As plataformas atingiram diversos setores do entretenimento e da economia organizada na medida que como negócio tocam no mesmo lugar do consumidor, seu bolso, logo na atual sociedade, como em toda história, todos os negócios concorrem sempre pelo bolso do consumidor, e logo plataformas de streaming concorrem com outras plataformas, seja elas de música ou de filmes, mas concorrem também com a Tv aberta, tv fechada, cinema, plataformas de streaming de música, You Tube e tudo que dentro da lógica da “economia de atenção” que eu chamo de economia da desatenção disputam seu tempo e seu bolso.

As séries geram hábitos tais quais as novelas, com a vantagem que escolhemos o horário e o ritmo que queremos ver, e por isso quando termina uma temporada de uma boa série ficamos no aguardo da sua continuação, e logo vem a frustração quando essas plataformas decidem descontinuar séries que julgamos interessantes, mas qual a razão dessa decisão dentro da lógica de retenção da sua atenção?

No passado, havia fatos claros sobre o sucesso do entretenimento. Um filme vendeu um certo número de ingressos na bilheteria. Um programa de TV foi assistido por um certo número de pessoas, de acordo com dados coletados pela Nielsen. Todos sabiam quando algo era um sucesso ou um fracasso.

Porém o streaming removeu esses critérios, e mesmo que a Netflix tenha começado a publicar alguns números de audiência, ela está limitada ao conteúdo mais popular

Sendo a maior ela é sempre objeto de estudos, e logo todos sempre ficam atentos para entender sua estratégia.

Não é de hoje que o uso de dados serve de alicerce para o planejamento e ação da Netflix e o tempo provou como essa estratégia lhe deu uma clara vantagem sobre estúdios tradicionais que tomaram decisões baseadas no “feeling” de um gerente. Os números da plataforma e seu resultado comercial nos dão evidências tangíveis sobre o resultado dessa estratégia.
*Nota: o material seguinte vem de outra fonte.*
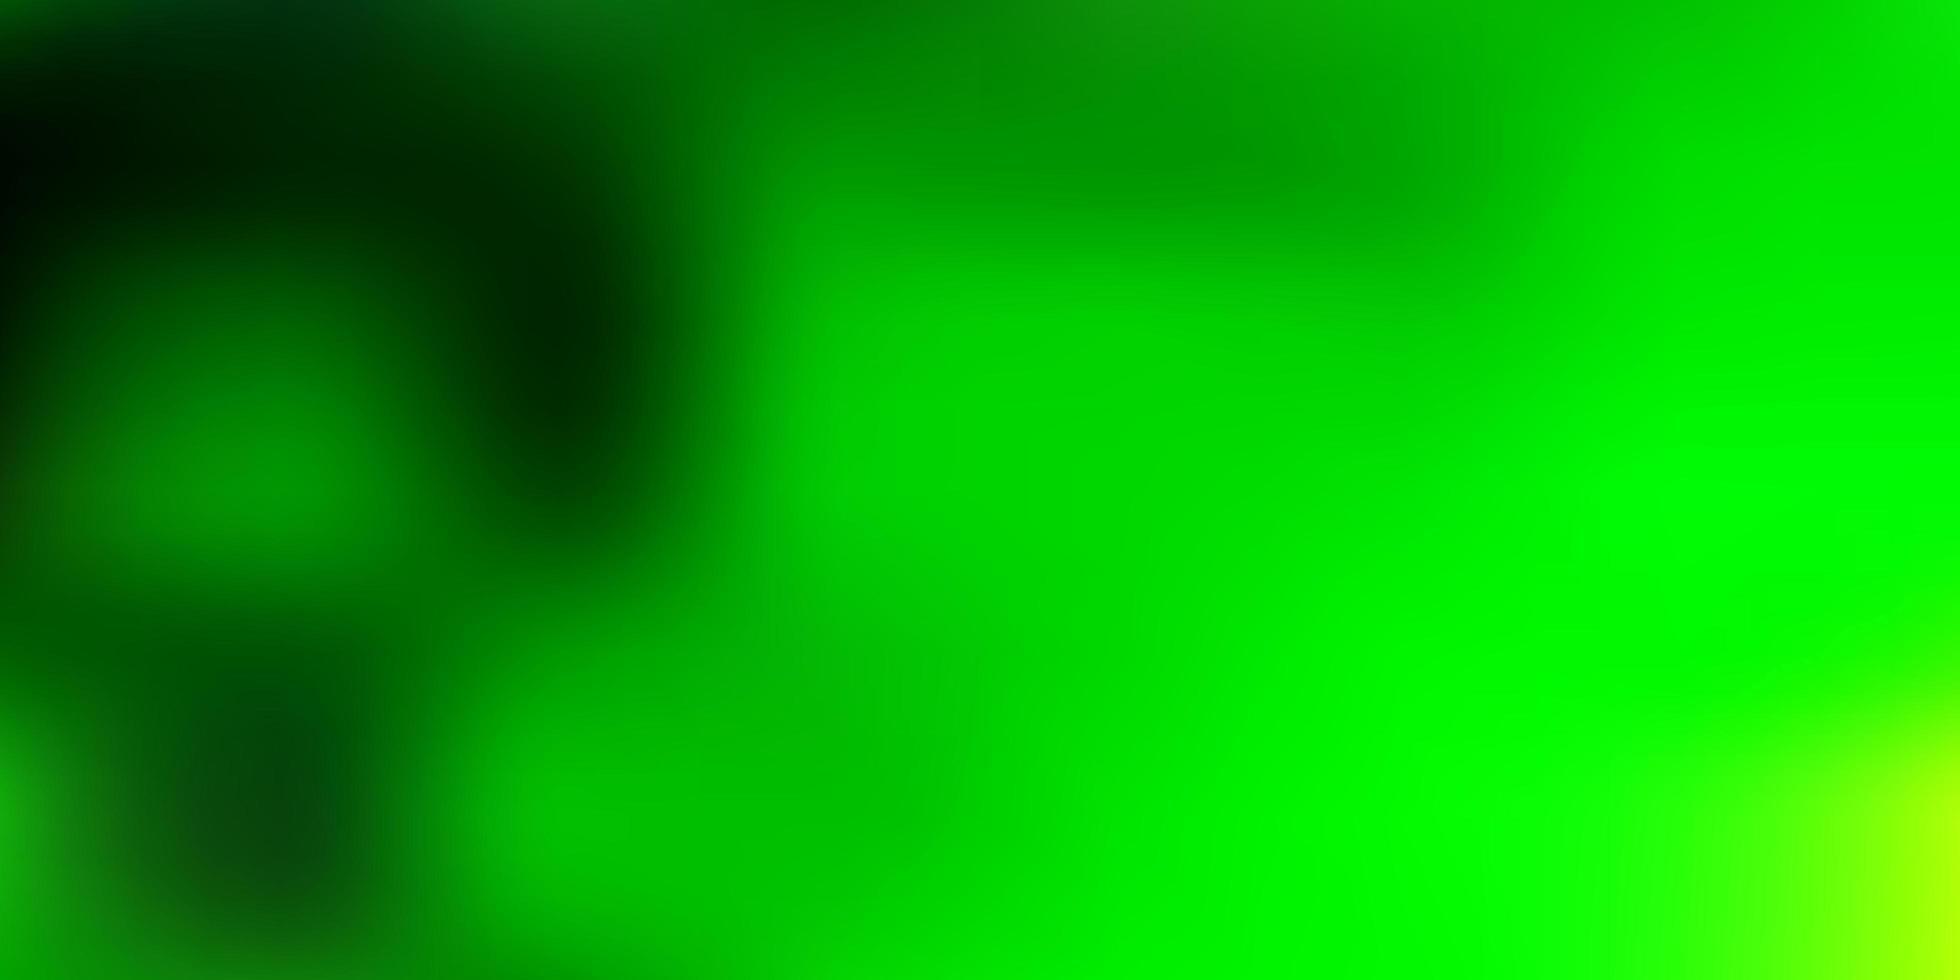 luz verde vetor turva fundo.

Uma liderança baseada na implementação de uma estratégia completamente diferente da de outros concorrentes, que alguns já estão tentando imitar abertamente e que se baseia em duas questões fundamentais: a análise de dados já comentada, ou big data e apostas de longo prazo.
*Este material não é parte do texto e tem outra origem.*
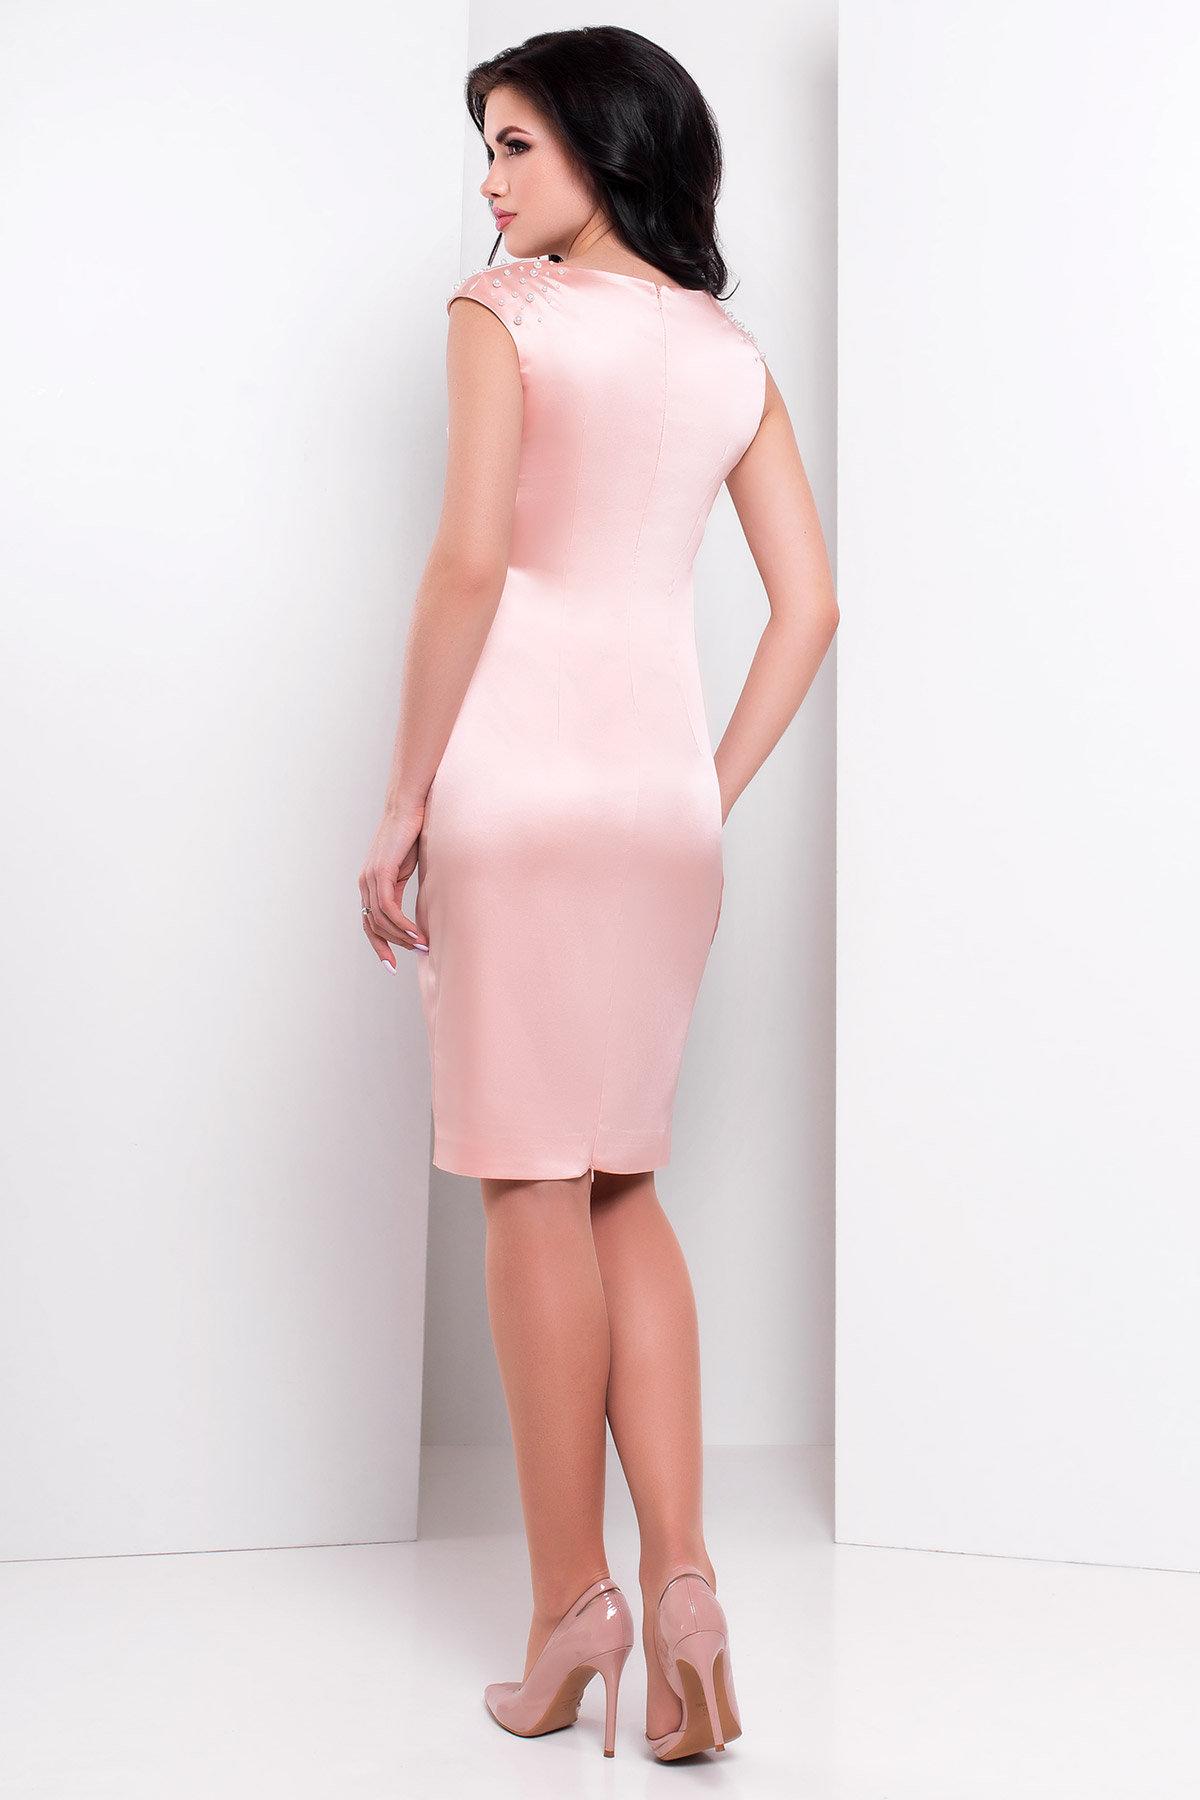 Платье Дарина 2964 АРТ. 15619 Цвет: Персик - фото 2, интернет магазин tm-modus.ru

O uso dessa estratégia começou desde quando já enviava seus DVDs por correio, mas dos quais estava totalmente ciente quando começou a usar o streaming como meio de envio. Um canal que oferece não apenas uma capilaridade muito superior aos outros, mas um feedback quase que instantâneo, e acima de tudo, diferencialmente superior ao que um estudo tradicional é capaz de obter. Os dados de bilheteria podem ser interessantes, mas por mais que sejam esmiuçados, eles não são capazes de nos oferecer o nível de detalhe que temos na rede, com usuários que votam em tempo real com os cliques de seu mouse ou controle remoto. Tente imaginar que além de saber sobre as suas preferências, eles sabem também sobre seus hábitos, sua audiência instantânea, permite saber por exemplo em que momento você para a exibição e quanto tempo depois volta, qual a sua rotina? Quais são as séries mais exibidas e seus horários preferenciais, e dessa maneira organizar seu cardápio de forma distinta de acordo com a hora? Melhorando assim a sua experiência de consumidor”?
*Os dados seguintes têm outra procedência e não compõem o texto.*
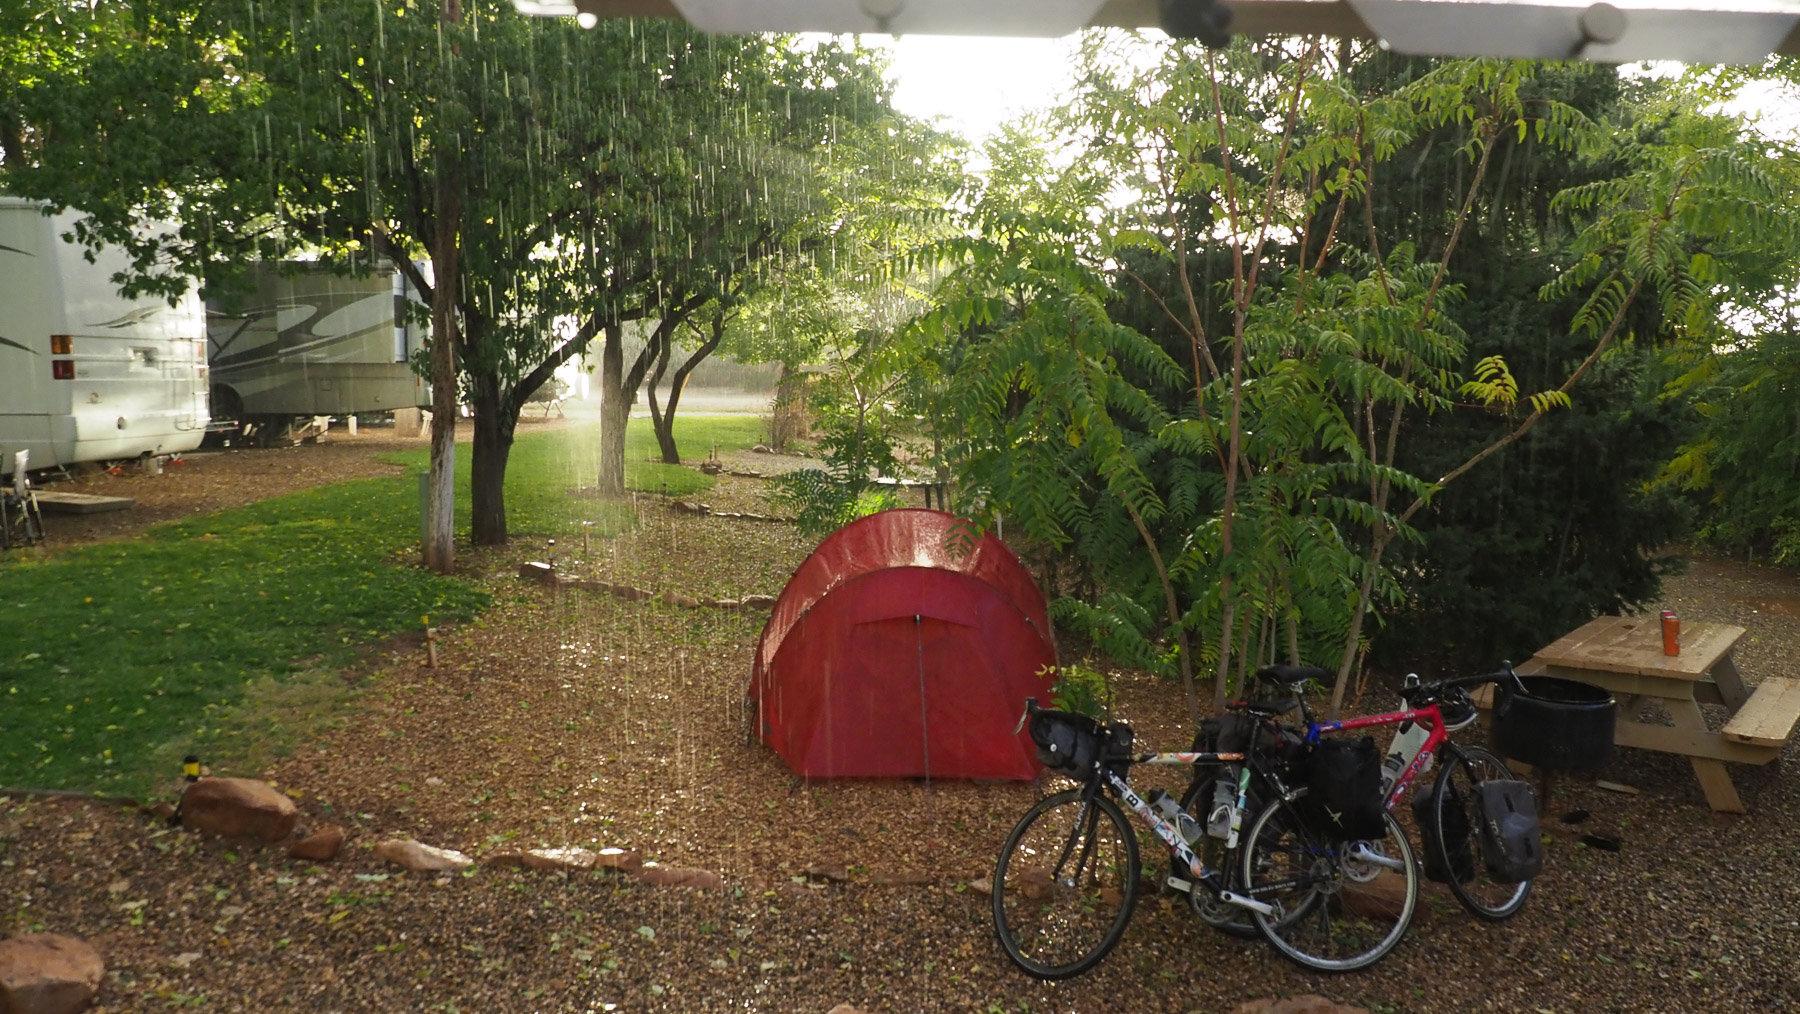 Rachel und Lukes Zelt und Fahrräder im großen Regen

É óbvio que big data, em qualquer caso, não tem poderes mágicos, pois segundo os próprios gestores da Netflix, os dados obtidos desempenham, na tomada de decisões sobre a produção, um papel sempre condicionado ao da direção artística e é quando as oportunidades de assinaturas, contratos ou desenvolvimento e ideias relacionadas à produção de um filme ou série foram decididas a partir desse ponto de vista com um peso de cerca de 70%, quando a análise de dados entra em jogo, 30% da decisão geralmente relacionada ao volume de recursos que serão colocados no topo da tabela.

O avançar de recursos tecnológicos só deve reforçar a competitividade dos canais de streaming, sensores ligados aos aparelhos vão alimentar ainda mais esse big data, e é claro em um confronto direto com a proteção dos seus dados e da sua privacidade. Dados para melhor disputar o seu tempo e a sua atenção, e com tantos concorrendo pela sua atenção, sem que o seu bolso melhore, pelo contrário, quando a inflação avança sobre o seu poder aquisitivo, a economia da “desatenção” encontra o seu limite, que não está na audiência, mas no valor que seu cliente tem na conta para pagar por tantos serviços na disputa pela sua atenção.